Bayesian Off-Policy Evaluation and Learning for Large Action Spaces
Imad Aouali, Victor-Emmanuel Brunel, David Rohde, Anna Korba
TL;DR
This work tackles off-policy evaluation and learning in contextual bandits with very large action spaces by introducing sDM, a Bayesian structured direct method that exploits a latent variable $\boldsymbol{\u03c1}$ to share reward information across actions. In the linear-Gaussian setting, sDM yields closed-form posterior updates for $\theta_a$ and the latent $\boldsymbol{\u03c1}$, enabling scalable inference and a simple greedy learning rule. The authors formalize Bayesian evaluation metrics, including Bayesian suboptimality (BSO) and Bayesian mean squared error (BMSE), and prove a covariance-dependent bound showing when greedy policies minimize BSO. Empirically, sDM outperforms baselines on synthetic data and real-world datasets (MovieLens, KuaiRec), even under likelihood misspecification, demonstrating data efficiency and robustness in large action spaces.
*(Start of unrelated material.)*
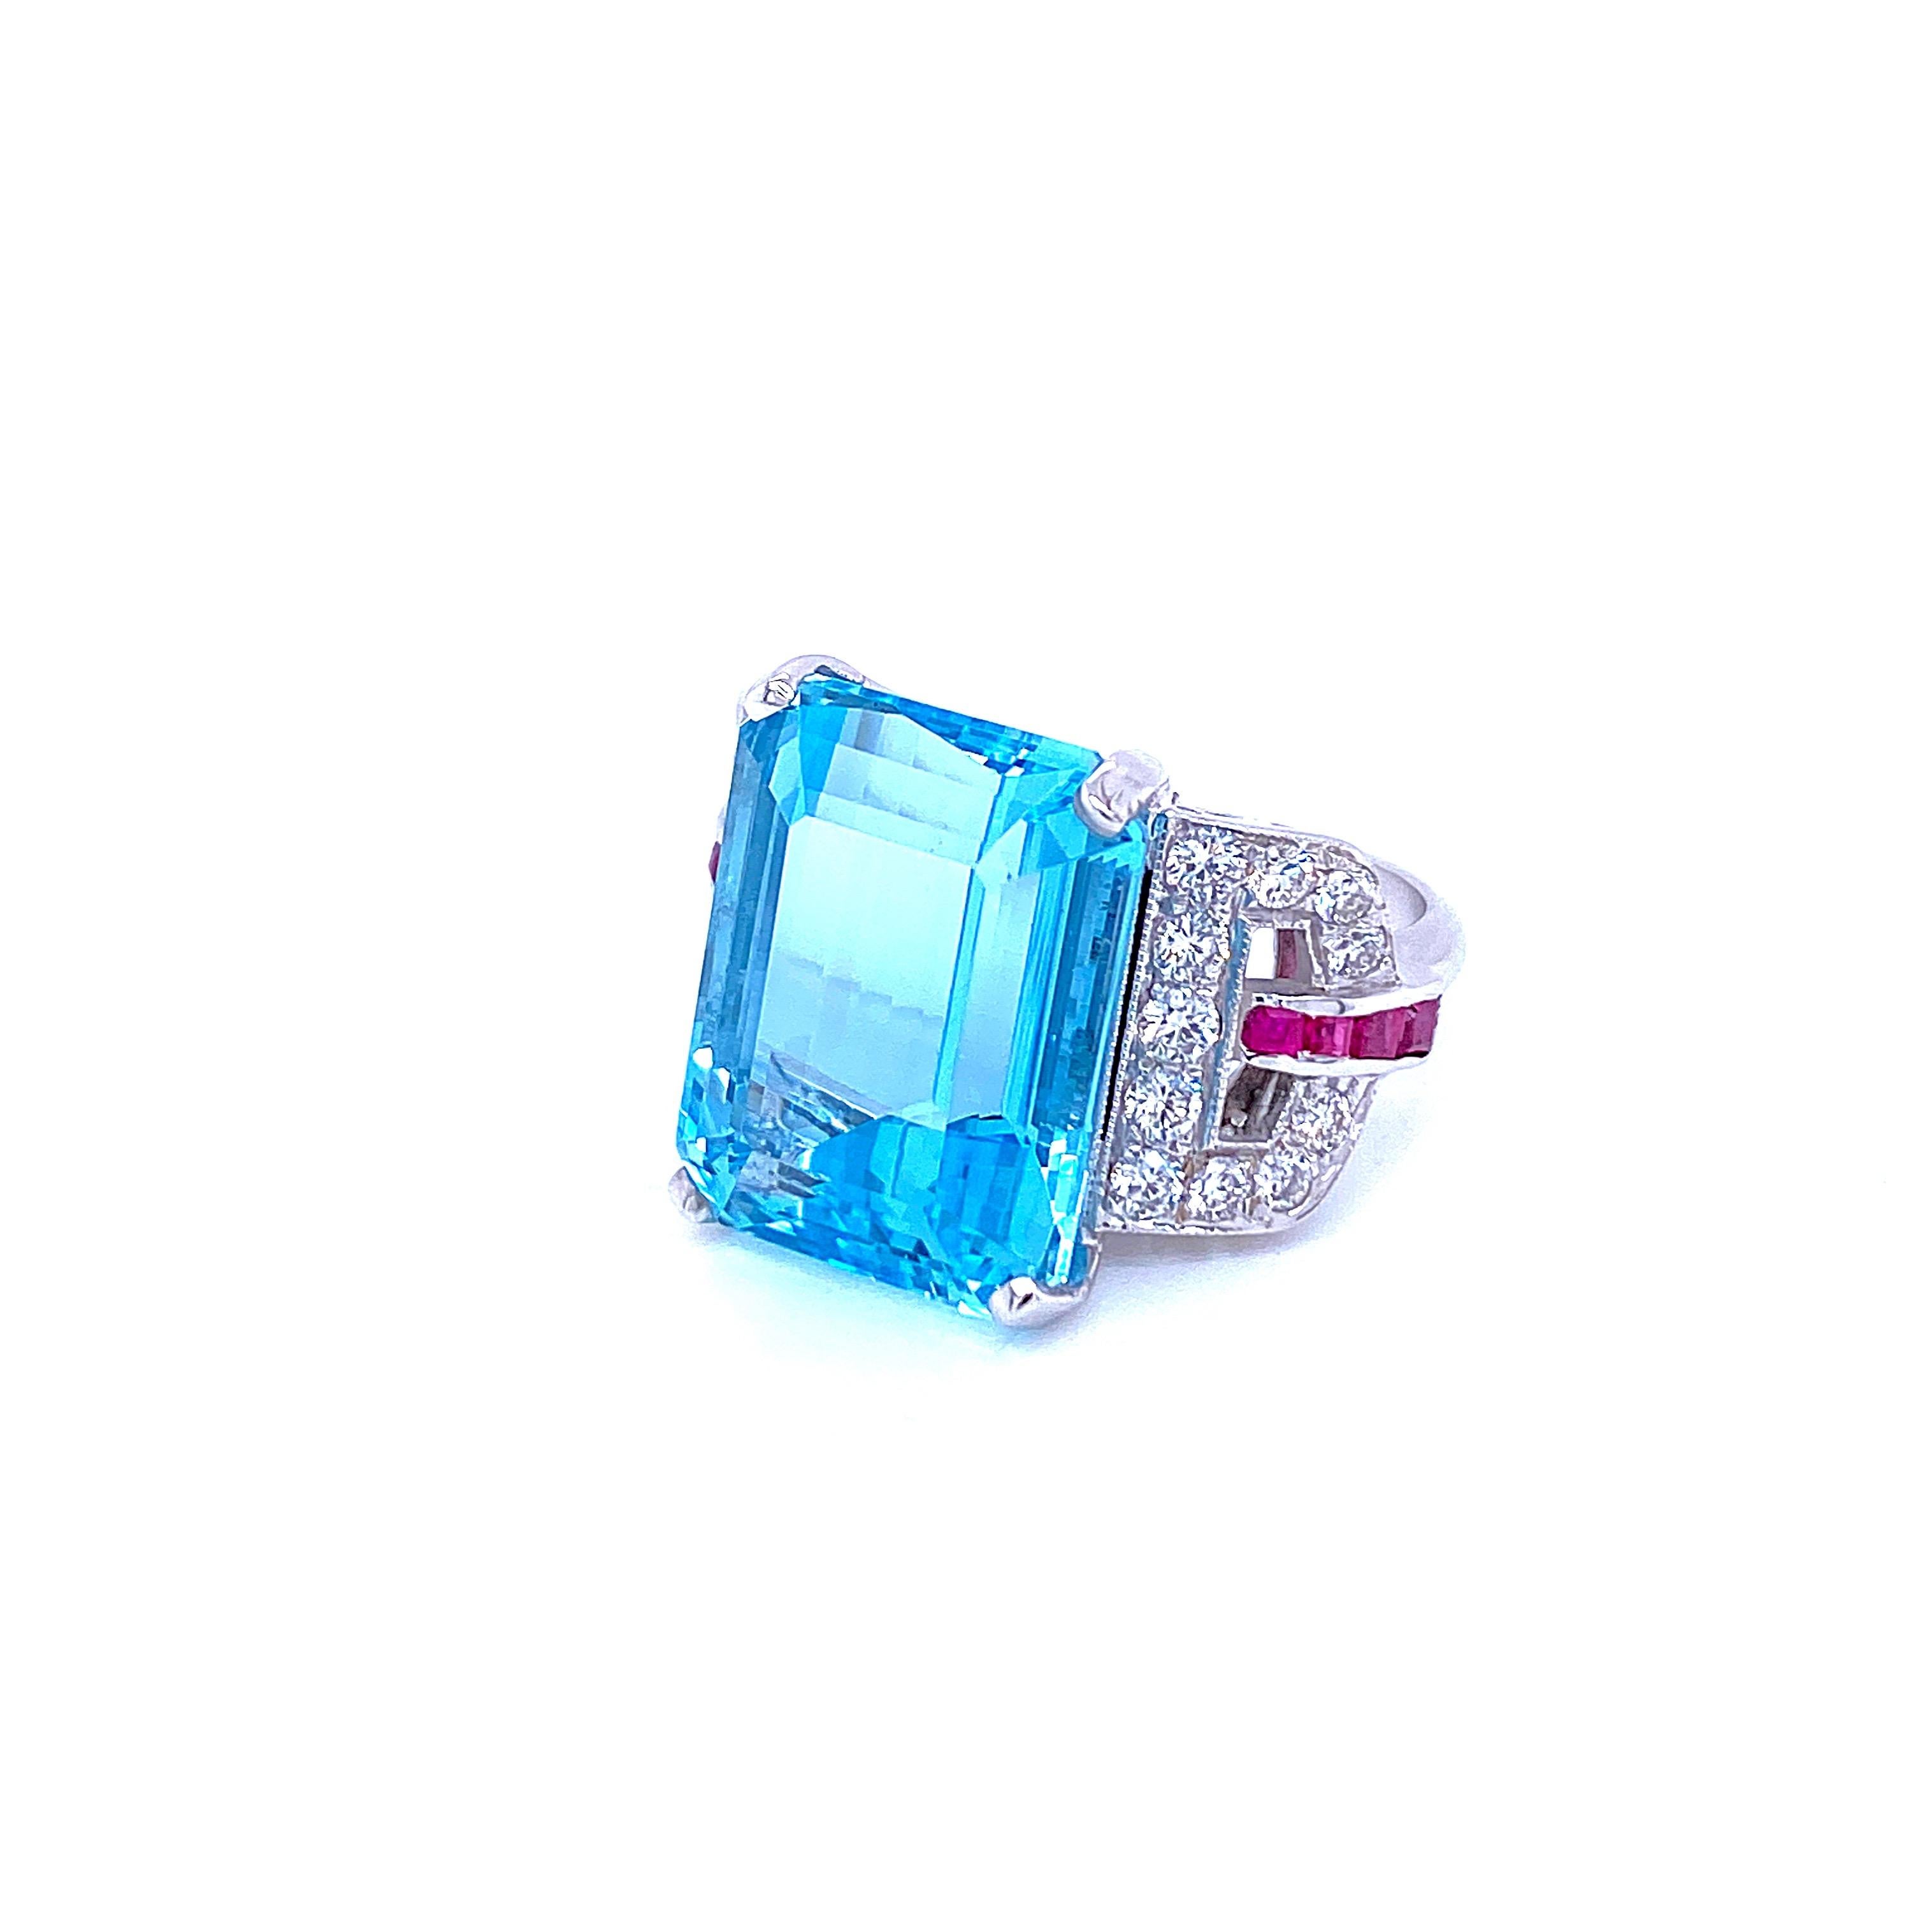 16 carat aquamarine ring
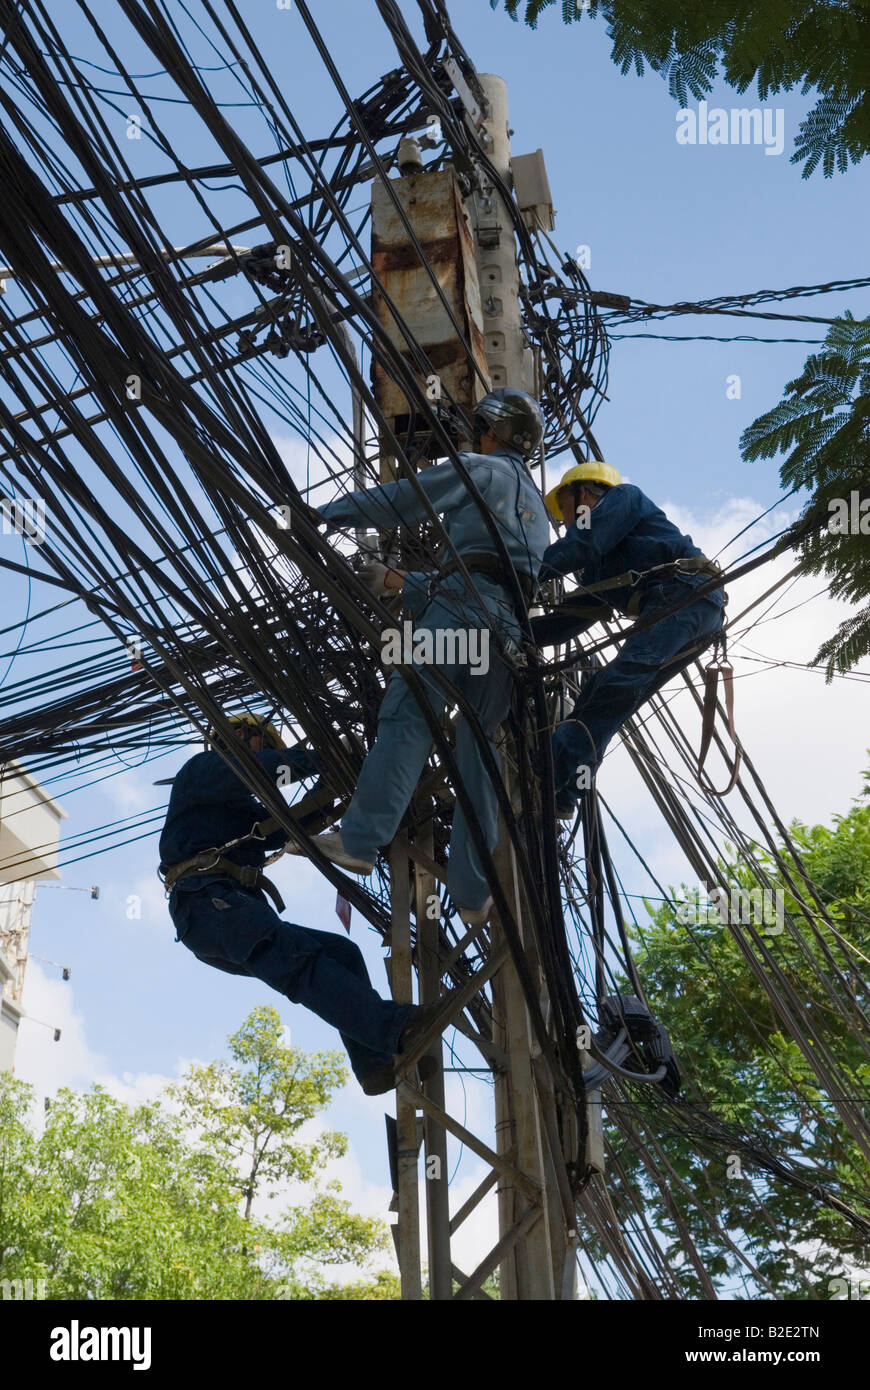 Une équipe de maintenance de la ligne d'alimentation sur un poteau haut travail sur le complexe enchevêtrement de fils électriques d'alimentation que Ho Chi Minh Ville, Vietnam Banque D'Images

They also discuss the practical limitations of assuming well-specified priors and outline directions for extending the framework to non-linear hierarchies and richer priors.
Abstract
In interactive systems, actions are often correlated, presenting an opportunity for more sample-efficient off-policy evaluation (OPE) and learning (OPL) in large action spaces. We introduce a unified Bayesian framework to capture these correlations through structured and informative priors. In this framework, we propose sDM, a generic Bayesian approach for OPE and OPL, grounded in both algorithmic and theoretical foundations. Notably, sDM leverages action correlations without compromising computational efficiency. Moreover, inspired by online Bayesian bandits, we introduce Bayesian metrics that assess the average performance of algorithms across multiple problem instances, deviating from the conventional worst-case assessments. We analyze sDM in OPE and OPL, highlighting the benefits of leveraging action correlations. Empirical evidence showcases the strong performance of sDM.